I know there are a ton of factors, but how may use this as a general guideline?

https://www.outdoorcanada.ca/how-fast-does-your-lake-make-ice/

I just did the calculations for a couple of small lakes here in SW Ohio; and unfortunately, it doesn’t look like I will be ice fishing next week.


----------



## Salmonid (Apr 14, 2004)

You might have a Long Island chance by NEXT weekend but otherwise better get an oil change and tires rotated for the road trip....LOL


----------



## Rooster (Apr 8, 2004)

I’m hopeful, but not delusional (still haven’t moved the sonar from the kayak to the ice shuttle).

As soon as I plan a trip up north, we will get ice down here (for that weekend only).
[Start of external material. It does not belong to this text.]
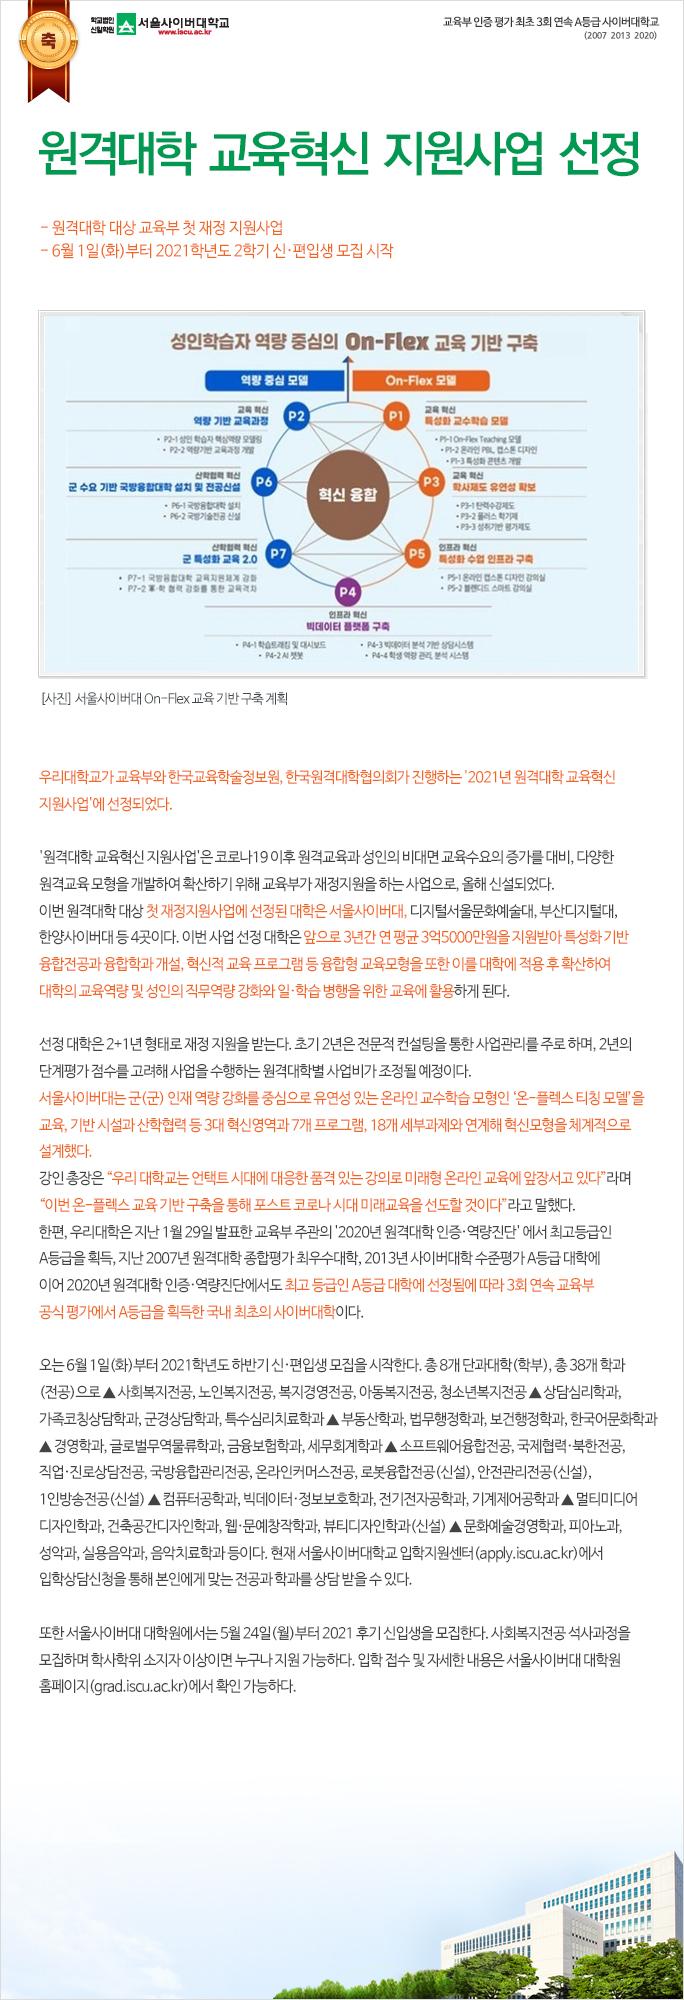 서울사이버대학교 원격대학 교육혁신 지원사업 선정(이미지용약내용 다음참조)

As sad as it may sound, I would rather fish Acton than anything within a 5 hour drive……the crappie might be on the small side, but they are plentiful and I know where they are located.


----------



## crappiedude (Mar 12, 2006)

unfortunately (at least for the ice guys) I had 47 degree water at East Fork last week.


----------



## STRONGPERSUADER (Nov 5, 2006)

18 in Richland county this am but the wind isn’t helping at all...


----------



## BrianSipe17 (Aug 5, 2006)

Wind is keeping my pond from skimming over. I don’t even try to go out, unless we’ve had a good couple weeks of consistently cold temps


Sent from my iPhone using Tapatalk


----------



## icebucketjohn (Dec 22, 2005)

Just drove around PLX... NOTHING!!!


----------



## set-the-drag (Jan 13, 2013)

Back bays of ladue looked pretty solid last night only could see a little open granted it was dark but looked like a lot of snow cover


----------



## set-the-drag (Jan 13, 2013)

I'm not to confident though to much snow and the wind has been rough thought my roof was about to come off last night


----------